Reproduce the whole listing exactly and let no picture into the copy.

▶ [Collected data]
[Start of section]

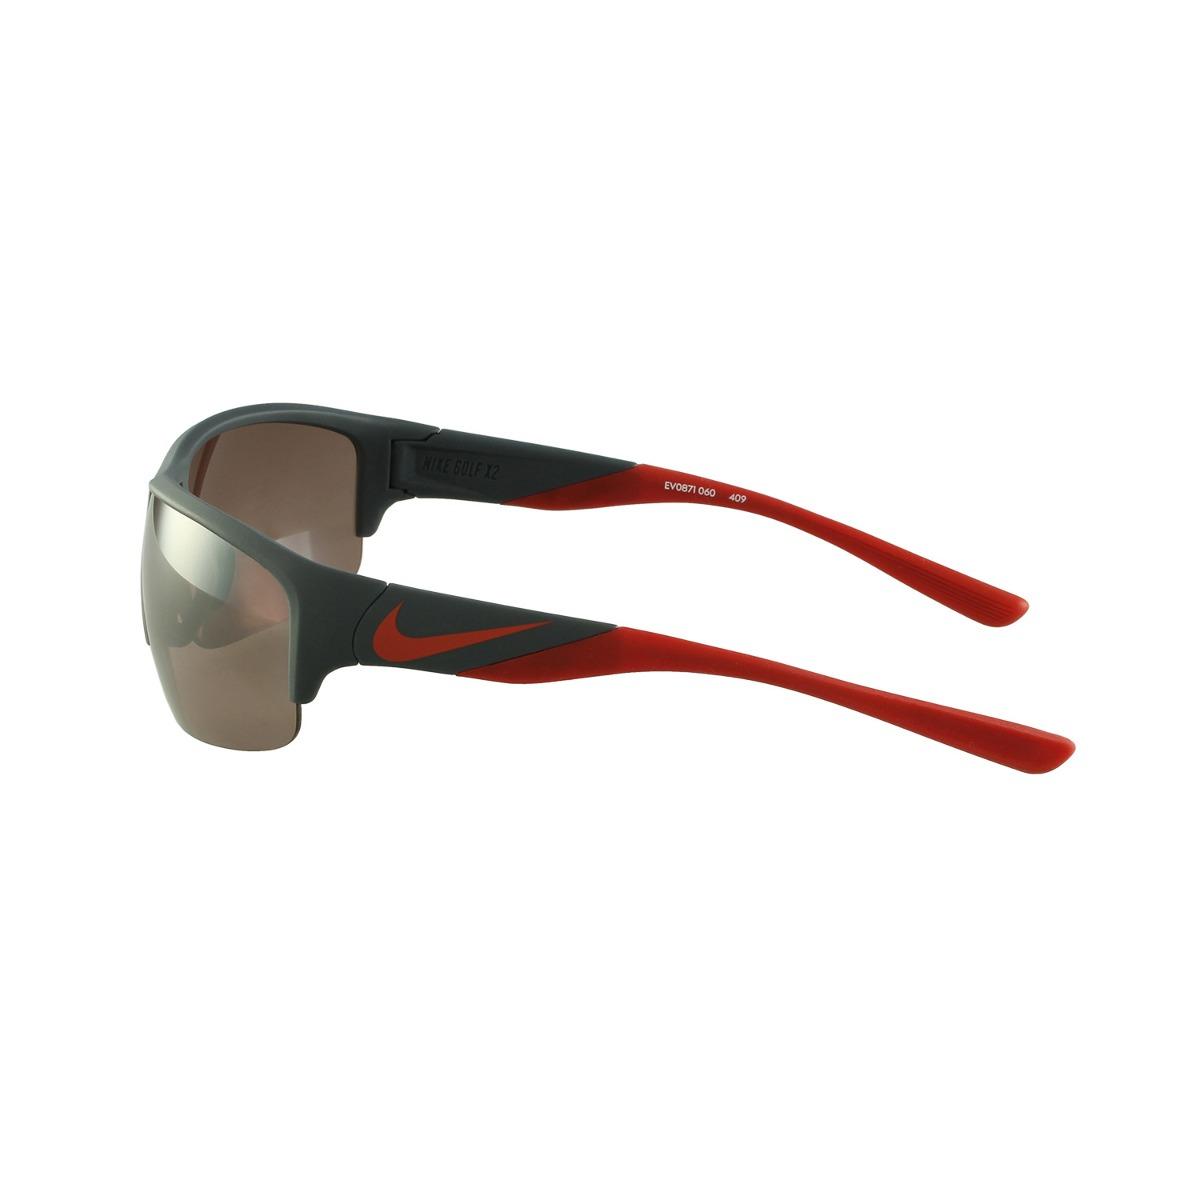 Óculos De Sol Nike Esportivo Cinza 269287411060 - R  675,00 em ... 2c70488745
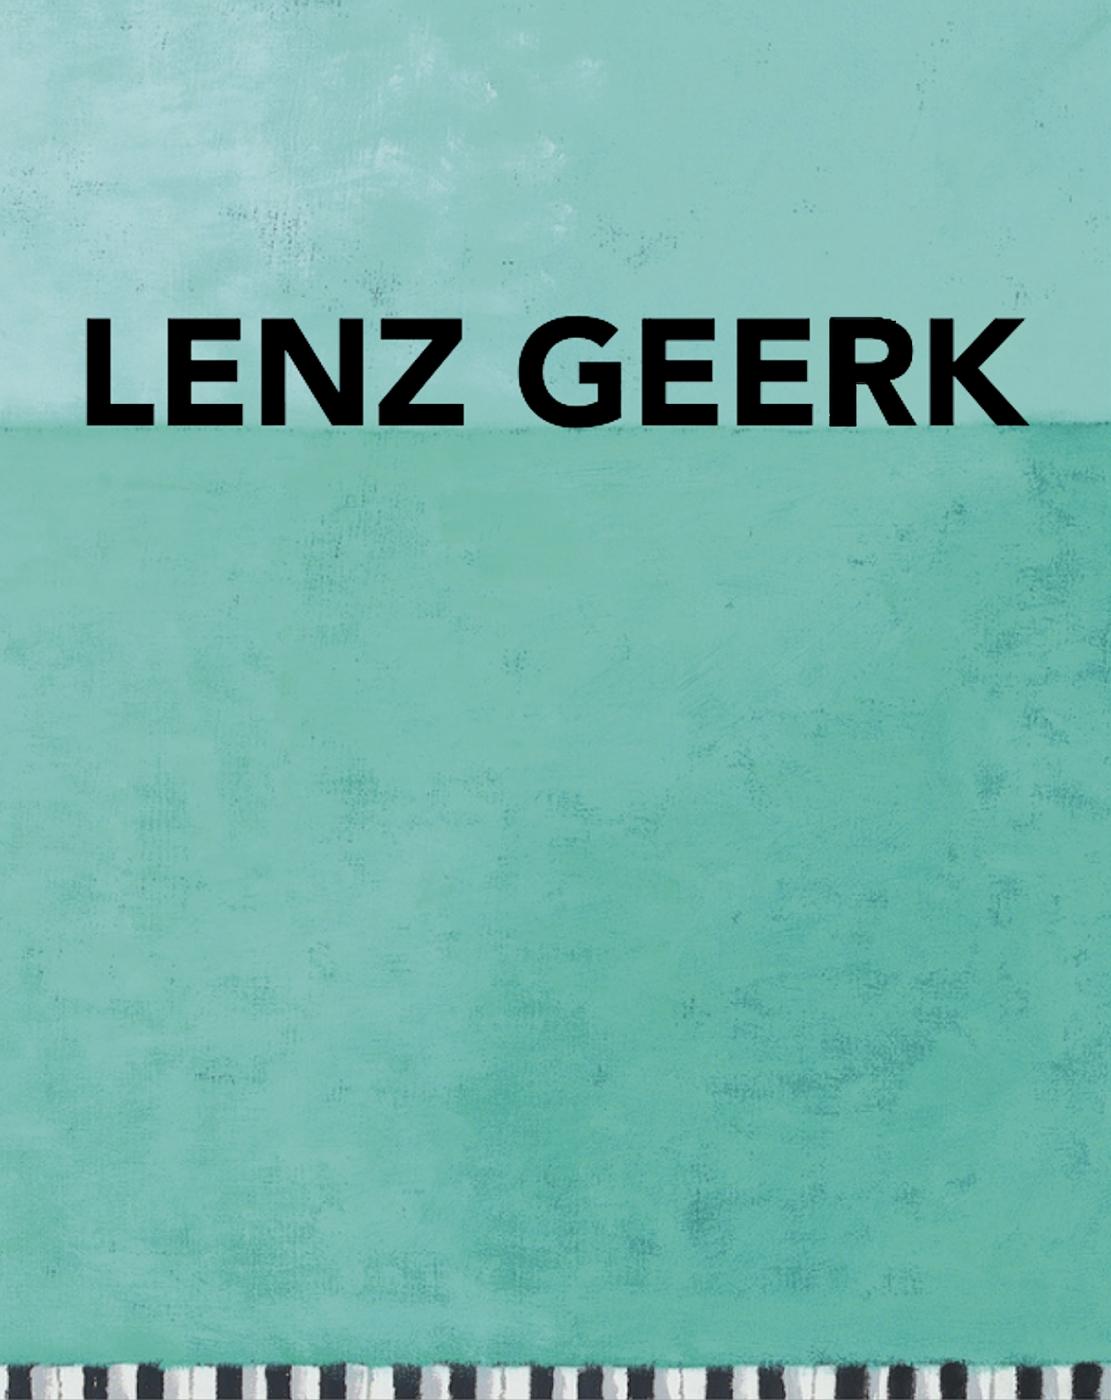 Lenz Geerk
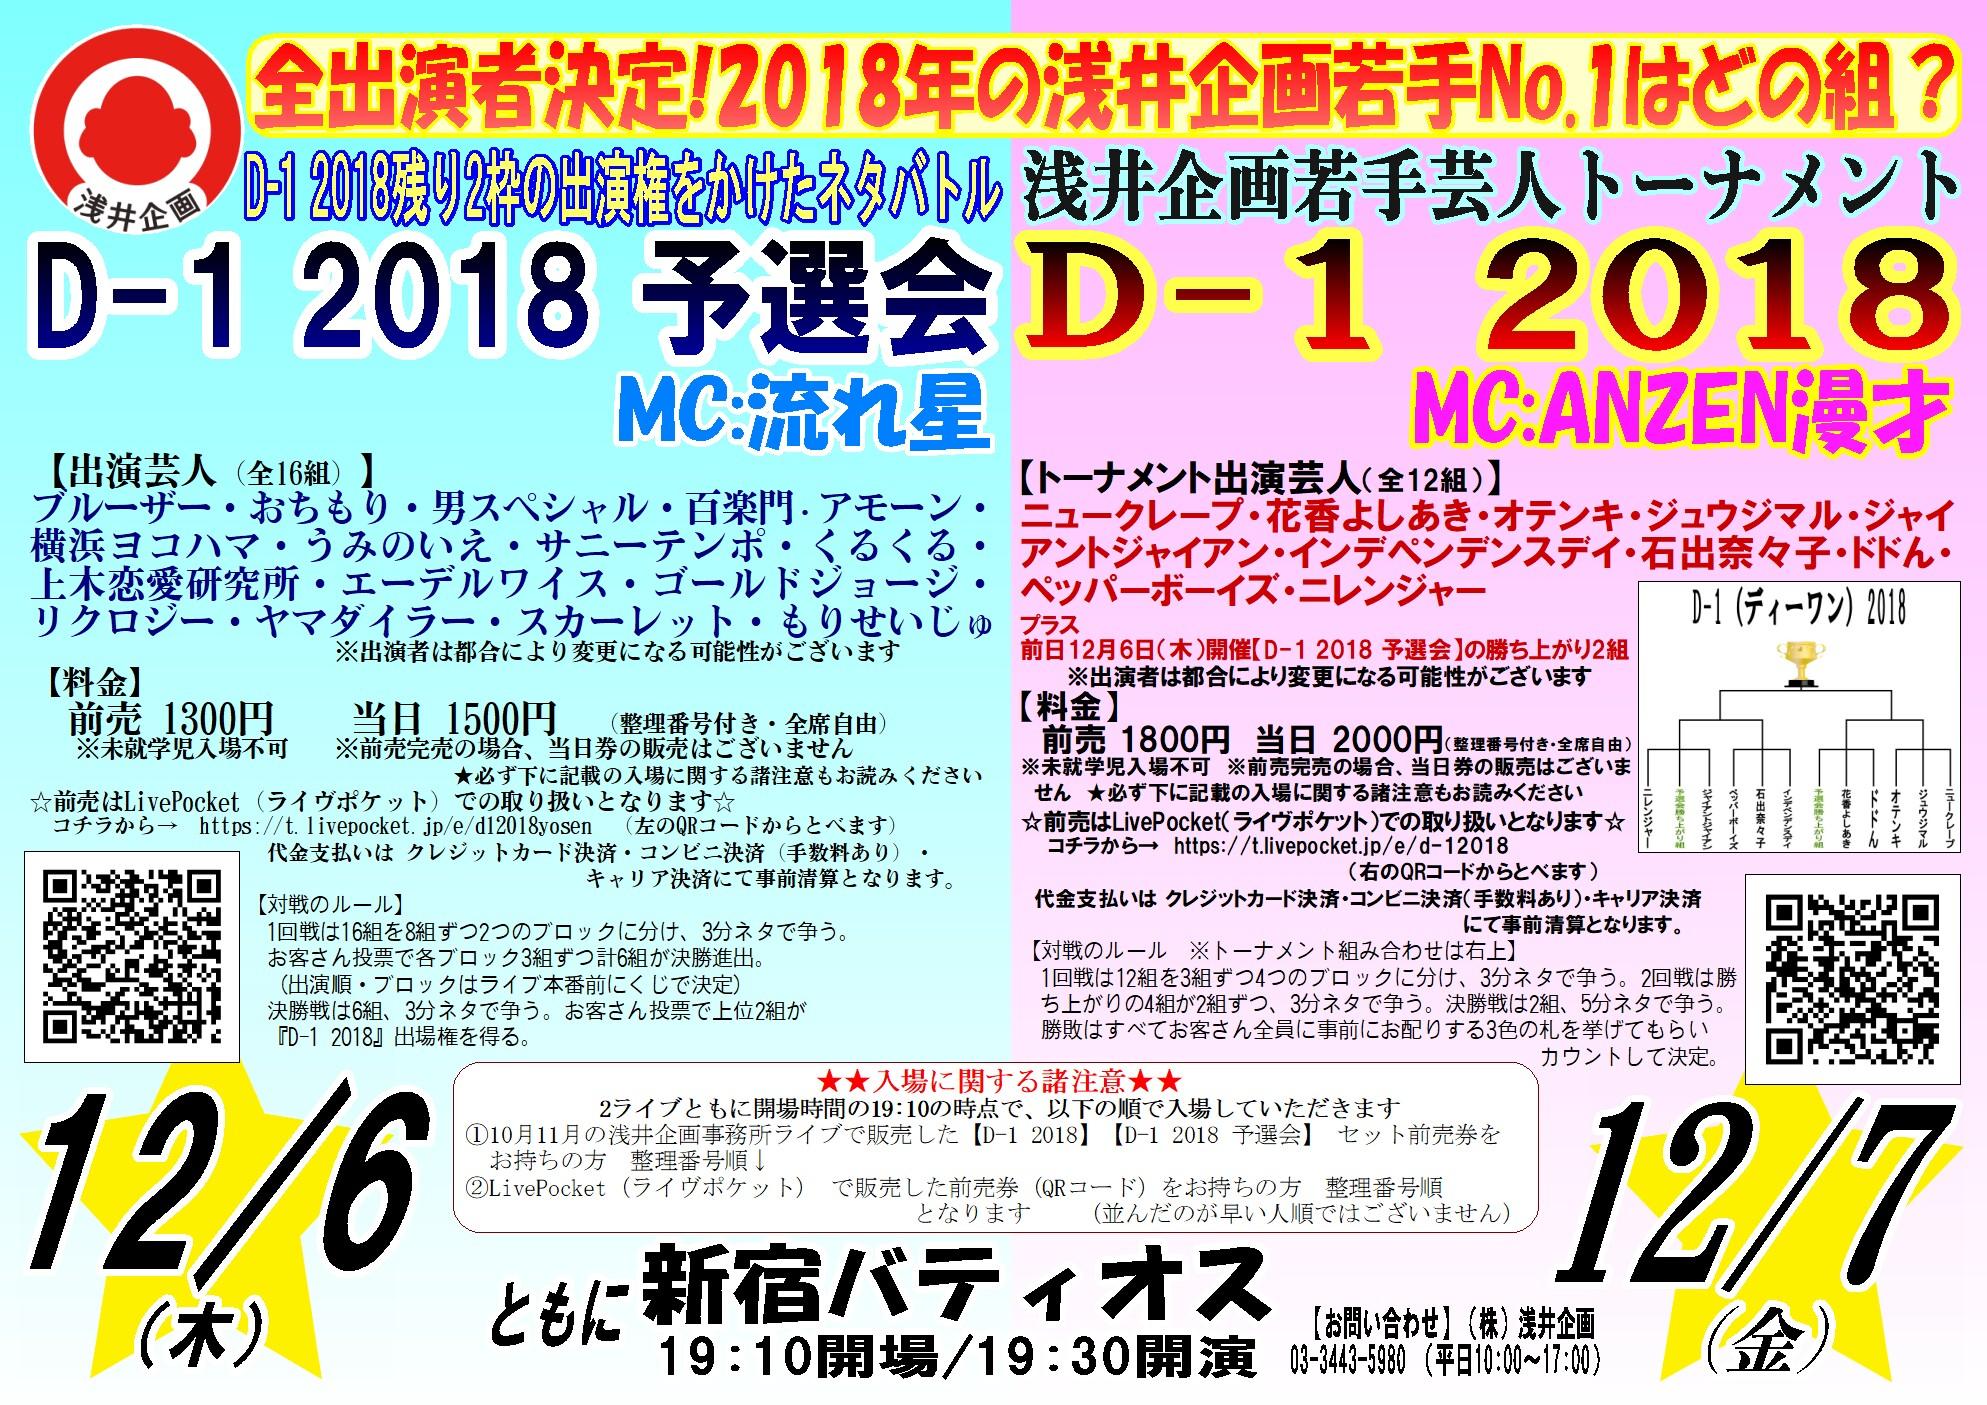 『D-1 2018 予選会』浅井企画主催お笑いライブ

[End of section]

▶ [Task output]
 Óculos De Sol Nike Esportivo Cinza 269287411060 - R  675,00 em ... 2c70488745
 Lenz Geerk
 『D-1 2018 予選会』浅井企画主催お笑いライブ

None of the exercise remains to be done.